Still, at at a lush creek crossing among ash and oak trees beautiful metallic green-blue Euphoria fulgida holochloris were buzzing around, looking very much like low-flying Carpenter bees.
We set up black lights at Onion Saddle, elevation 7600 ft, in an area with tall Alligator Junipers, Silverleaf Oaks and some Ponderosa Pines. Bill Warner and Aaron Smith stopped by and made us very envious with a beautiful specimen of the rare Carabus forreri. Collectors from as far away as Europe come searching for this beetle endemic to the Chiricahuas and the Huachucas of Arizona.
The sun had set but it was still too bright for the black light to attract anything when the humming and buzzing began. Big dark Scarabs that I later identified as the Dynastinae Coscinocephalus cribrifrons were zooming in on our location. They weren't headed for the black light. They ignored it and landed on a tree near by. More and more beetles appeared as it got darker.
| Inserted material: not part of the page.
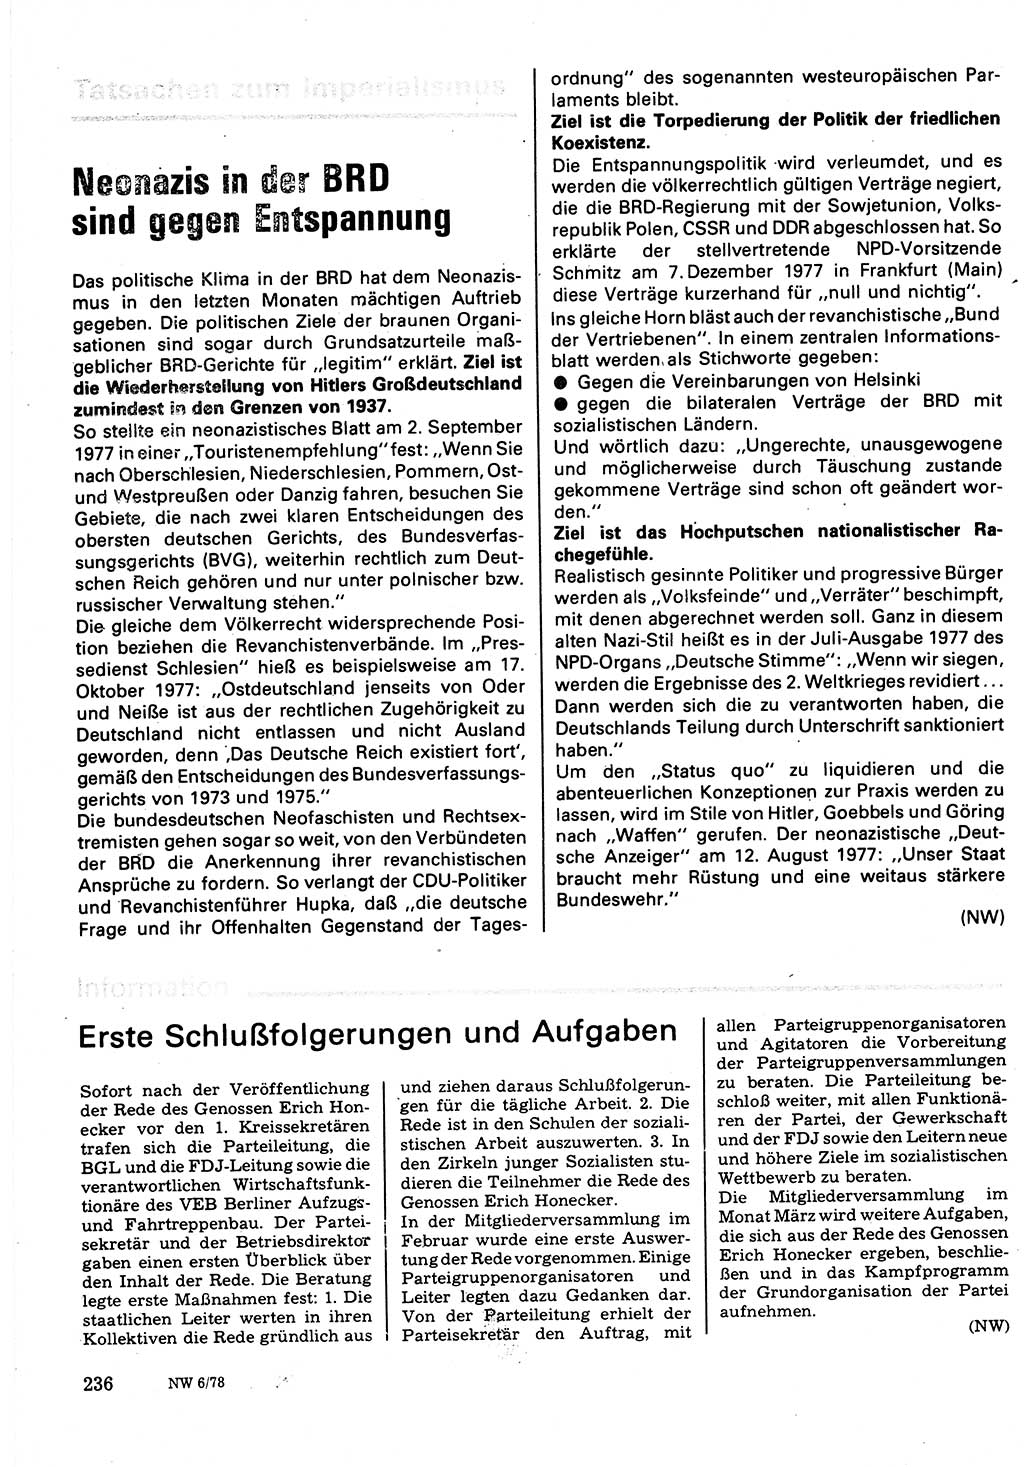 Neuer Weg (NW), Organ des Zentralkomitees (ZK) der SED (Sozialistische Einheitspartei Deutschlands) für Fragen des Parteilebens, 33. Jahrgang [Deutsche Demokratische Republik (DDR)] 1978, Seite 236 (NW ZK SED DDR 1978, S. 236)

I soon found two more trees within a fifty meter radius where more of them were congregating. There must have been close to a hundred beetles per tree, running up and down the trunk, their elytra partly open, ready to take flight again and buzz around some more. The noise of all those feet on the bark sounded first like raindrops and then like a little waterfall.
Clumps of seven or eight beetles clinging together kept falling to the ground still madly scrambling after each other. It became clear that this was similar to a lekking situation where many females and even more pursuing males were coming together to mate. I have no clue how the first arrivals pick a particular tree to be their dancing ground - to me the three chosen trees had nothing to distinguish them from their neighbors. Two of them were junipers, the third one some kind of spruce. At the height of the party the trees were probably surrounded by a thick cloud of pheromones, attracting more and more beetles.
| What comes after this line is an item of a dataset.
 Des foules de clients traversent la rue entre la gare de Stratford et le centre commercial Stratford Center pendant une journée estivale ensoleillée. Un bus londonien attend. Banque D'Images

Interestingly, there were also numerous sarcophagid flies attending the dance. Nearly every beetle had a following that approached as soon as the beetle was busy with other beetles or momentarily incapacitated. Even though the flies weren't Tachnidae who are well-known Scarab brood-parasites, I think they were specifically targeting this pheromone-loaded situation, probably to attach eggs to the female beetles that would be transferred to the beetle brood as parasites. My theory is supported by the observation that the flies were all of just one species, their incredible persistence in following the beetles around, and that there were so many of them on the mating trees but none at the black light that had also attracted scarabs (of different species) by then.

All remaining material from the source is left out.